Таковы главнейшие общие положения, характеризующие народническое течение в литературе.
Развитие литературы, связанной с народничеством, конкретное содержание истории этого литературного направления определяется творчеством его отдельных представителей.
«Расцветом действенного народничества, — писал В. И. Ленин, — было „хождение в народ“ (в крестьянство) революционеров 70-х годов».1 С этим «хождением в народ» было связано усиленное изучение народной, в первую очередь крестьянской жизни, изучение, в которое существенный вклад внесла и художественная литература. Правдивые очерки и рассказы из народной жизни были использованы революционерами-семидесятниками не только для ознакомления с действительностью, но и для непосредственной революционной пропаганды «в народе». Из писателей-народников, сыгравших своими произведениями существенную роль именно в эту пору наиболее действенного, революционного народничества, следует назвать прежде всего Н. И. Наумова и П. В. Засодимского.
Наумов, снискавший своими рассказами из народной жизни наибольшую популярность именно в 70-е годы, начал свой творческий путь еще в конце 50-х годов. Произведениями о русской деревне тогда он примкнул к писателям-демократам, стремившимся в своем творчестве следовать эстетике Чернышевского и Добролюбова. Но, в отличие от шестидесятников, Наумов сосредоточивает внимание, особенно в последующем творчестве, не на крепостничестве и его пережитках, а на новых формах эксплуатации крестьянства, на изобличении кулачества, расцветшего пышным цветом в пореформенное время. В таких произведениях, как «Деревенский торгаш», «Юровая», «Крестьянские выборы» и другие, созданных уже в 70-е годы, Наумов дает колоритные образы деревенских кулаков, лавочников, кабатчиков, опирающихся в своем беззастенчивом грабеже крестьян на поддержку местных властей в лице писарей, сельских старост, чиновников и т. п.
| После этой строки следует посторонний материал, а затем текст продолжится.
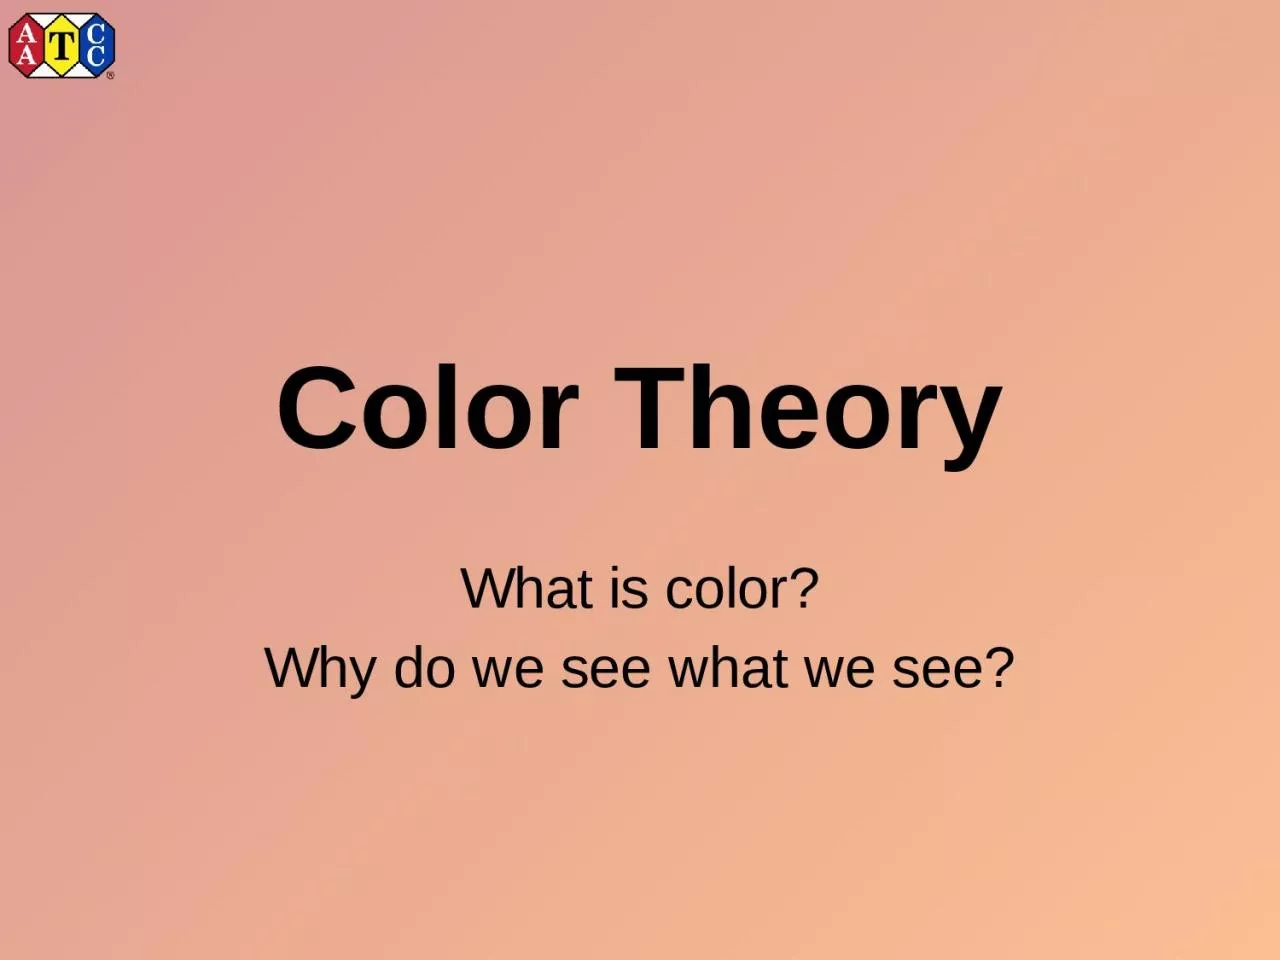 Color Theory What is color?
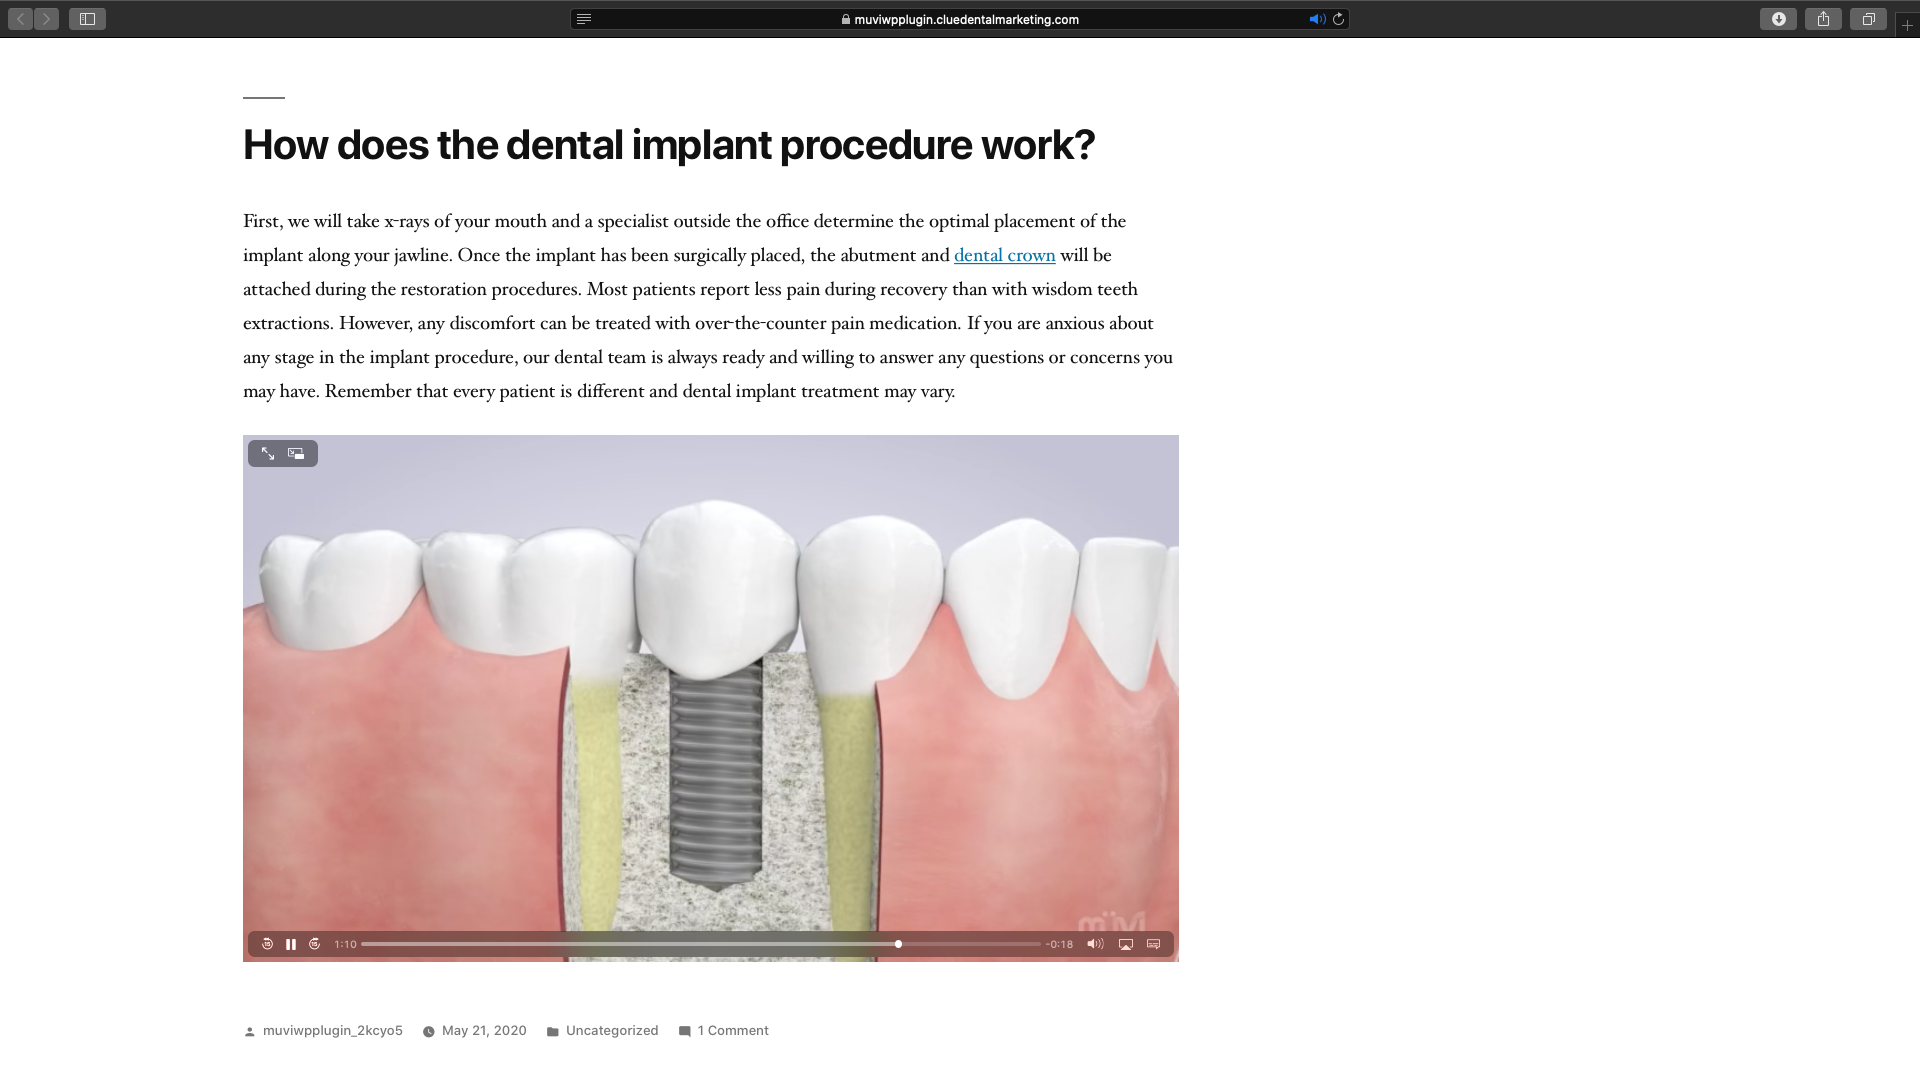 Easily add dental education videos to your posts and pages.

Единство интересов нового эксплуататорского класса с чиновно-бюрократическим царским режимом, бессилие разоряемых и ограбляемых крестьянских масс перед произволом чиновников, засильем кулаков показываются Наумовым с большой обличающей силой. Наумов этому союзу правящих властей и наживающихся кулаков противопоставляет крестьянский мир, общину в целом. Правда, масса крестьян ведет себя весьма пассивно, но зато среди них есть такие верные предводители, носители общинных идеалов и интересов, как Иван Николаевич Калинин («Юровая»), Егор Семенович Бычков («Крестьянские выборы»), Максим Арефьевич Ознобин («Мирской учет») и немногие другие, которые смело обличали грабительство кулаков, все их махинации и сделки с властями, пытаясь даже сплотить крестьянский мир в единое целое и этим защитить себя от кулацкого произвола. Эти попытки оканчиваются неудачей, но уже само изображение крестьянского протеста, попыток его организации было большой смелостью писателя, и естественно, что произведения Наумова начала 70-х годов используются революционерами-народниками в их пропагандистской работе в деревне. Кружок «чайковцев» издает рассказы и очерки Наумова отдельным сборником («Сила солому ломит»).
- 355 -
Но Наумов в то же время в своем изображении деревни допускает ту идеализацию и схематизацию деревенских отношений, которая так характерна для народнической идеологии. При изображении кулаков Наумов не видит социальных корней этого класса в самой деревне, он их считает в основном внешним, искусственным явлением, имеющим место лишь потому, что оно поддерживается корыстолюбием местных властей и что сами крестьяне недостаточно сплочены против кулацкого засилья. Выход Наумов видит в укреплении общинных порядков в деревне. Поэтому он с особенной любовью и вниманием рисует тех крестьян, которые выступают выразителями справедливых начал общинного строя. Но и сами эти крестьяне, и представляемые ими общинные идеалы изображаются Наумовым в идеализированном виде, желаемое он часто принимает за возможное или даже действительное. Будучи, однако, последователем правдивого, реалистического изображения действительности, Наумов трезво видит, что его идеальные герои бессильны изменить действительное положение вещей и, как правило, терпят поражение.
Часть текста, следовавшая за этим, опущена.